Firstly there is an advantage to having a statement cache.  I use a
benchmark based on
http://www.sqlite.org/cvstrac/fileview?f=sqlite/tool/mkspeedsql.tcl

Using a statement cache of 100 entries saves about a second of runtime
over a test that takes about 12 seconds to run. (I use :memory: database
and set other params so everything is done in memory and the hard disk
is not involved)

Having a large cache with almost no hits (eg 10,000 entry cache and not
using bindings) adds about 5 seconds to the run so the cache isn't a
magic performance elixir.  Note however that all these measurements
include some Python overhead.

The advantages of implementing internal to SQLite:

- - The code in SQLite is going to be better and take care of all the
corner cases than implementing the same functionality across numerous
programs using SQLite.  For example SQLite is far more likely to get the
code right in multi-threaded programs and will have better testing.

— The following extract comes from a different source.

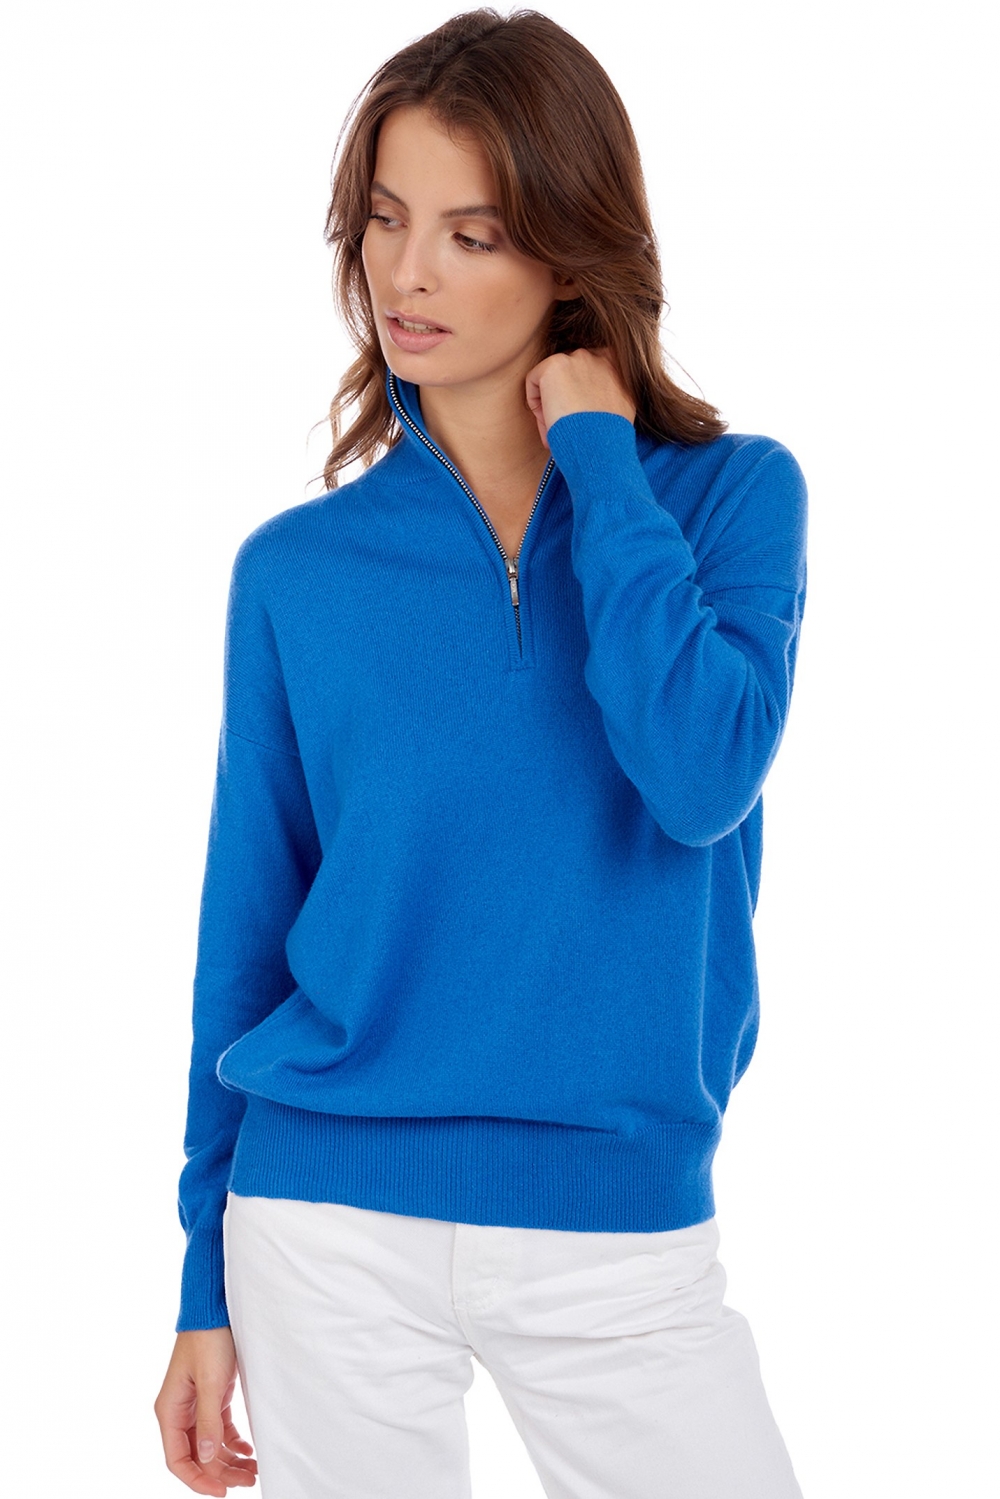 Cashmere ladies our full range of women s sweaters groseille tetbury blue xl

- - SQLite will be aware of the memory consumption and can do the "right
thing"

- - SQLite can do further optimizations such as caching query results and
will know when they are invalidated etc.

- - It would be transparent.  Any user of SQLite gets the functionality
for free.

The disadvantages of implementing internal to SQLite:

- - Other programming languages and libraries have their own string
objects and so can use their string objects as a cache key.  SQLite
would always require a conversion to UTF8/16 first.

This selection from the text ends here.